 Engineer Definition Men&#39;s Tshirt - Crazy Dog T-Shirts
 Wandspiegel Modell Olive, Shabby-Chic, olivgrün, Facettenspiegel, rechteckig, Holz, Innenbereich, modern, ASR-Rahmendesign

---

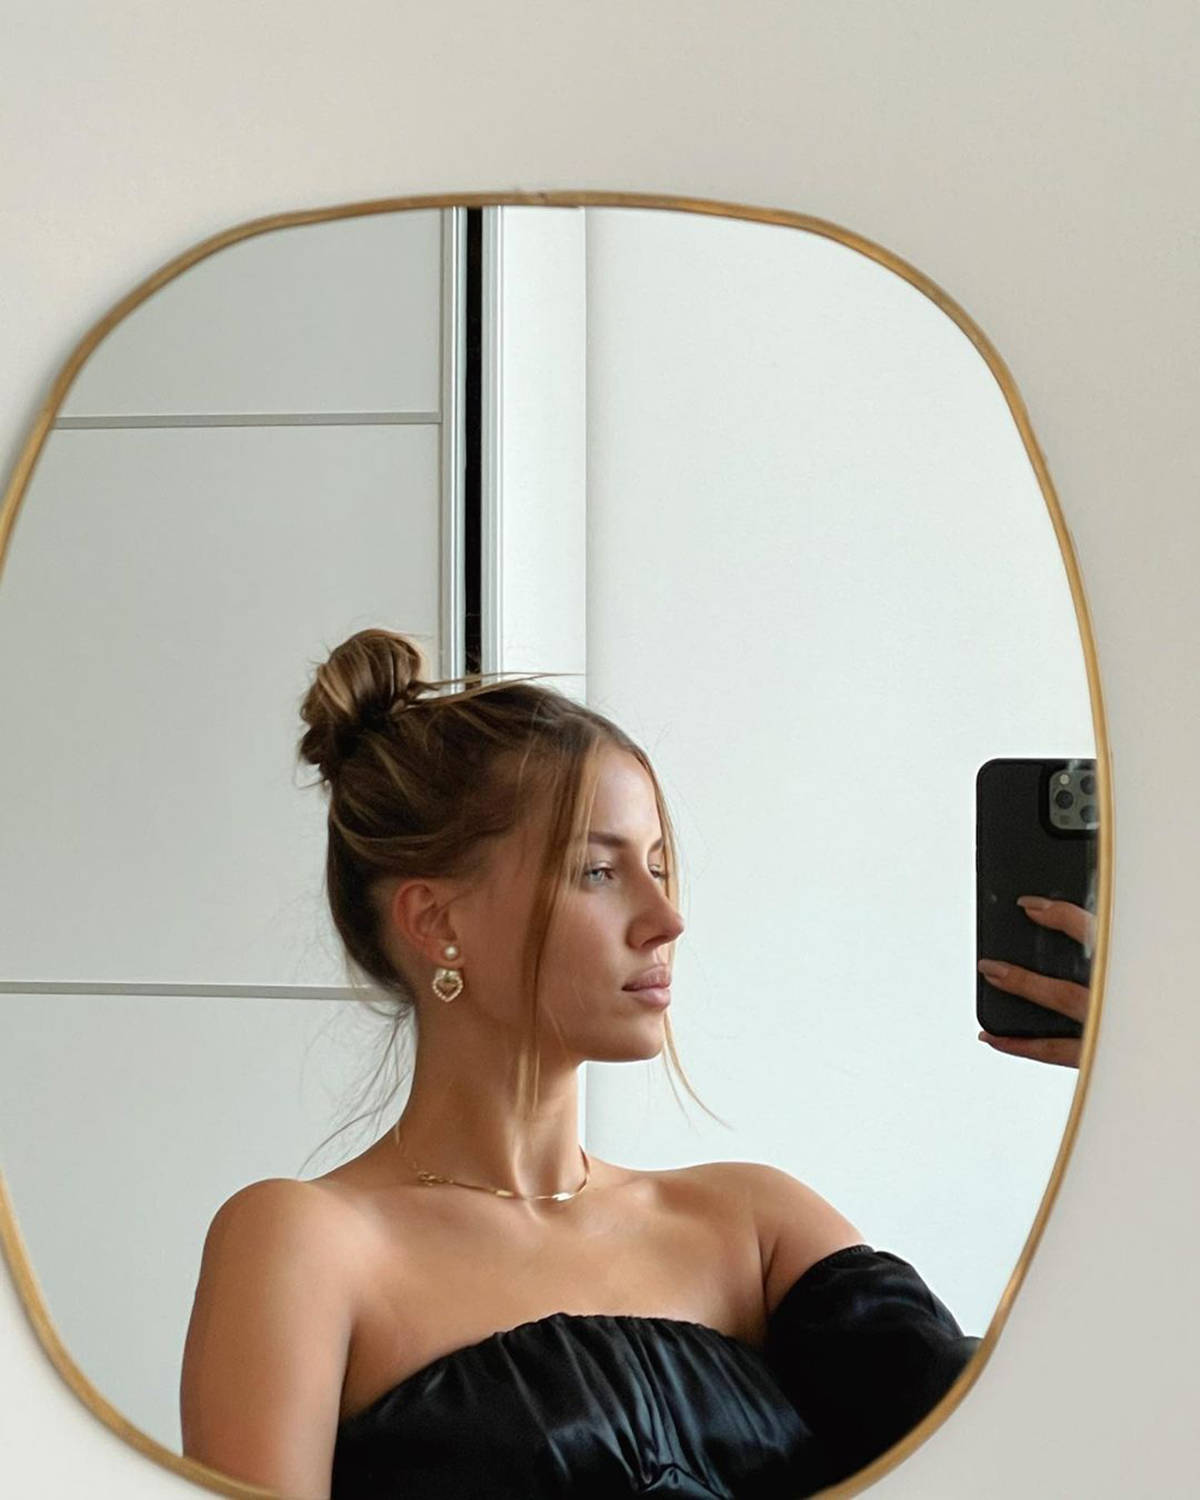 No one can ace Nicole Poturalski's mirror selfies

REQUIRED ACTION:
Both the line containing "Engineer Definition Men&#39;s" and the line containing "Innenbereich, modern, ASR-Rahmendesign" belong in the answer. Print them and every line above that falls between them exactly, and no others.

SOLUTION FOR THIS PROBLEM:
 Engineer Definition Men&#39;s Tshirt - Crazy Dog T-Shirts
 Wandspiegel Modell Olive, Shabby-Chic, olivgrün, Facettenspiegel, rechteckig, Holz, Innenbereich, modern, ASR-Rahmendesign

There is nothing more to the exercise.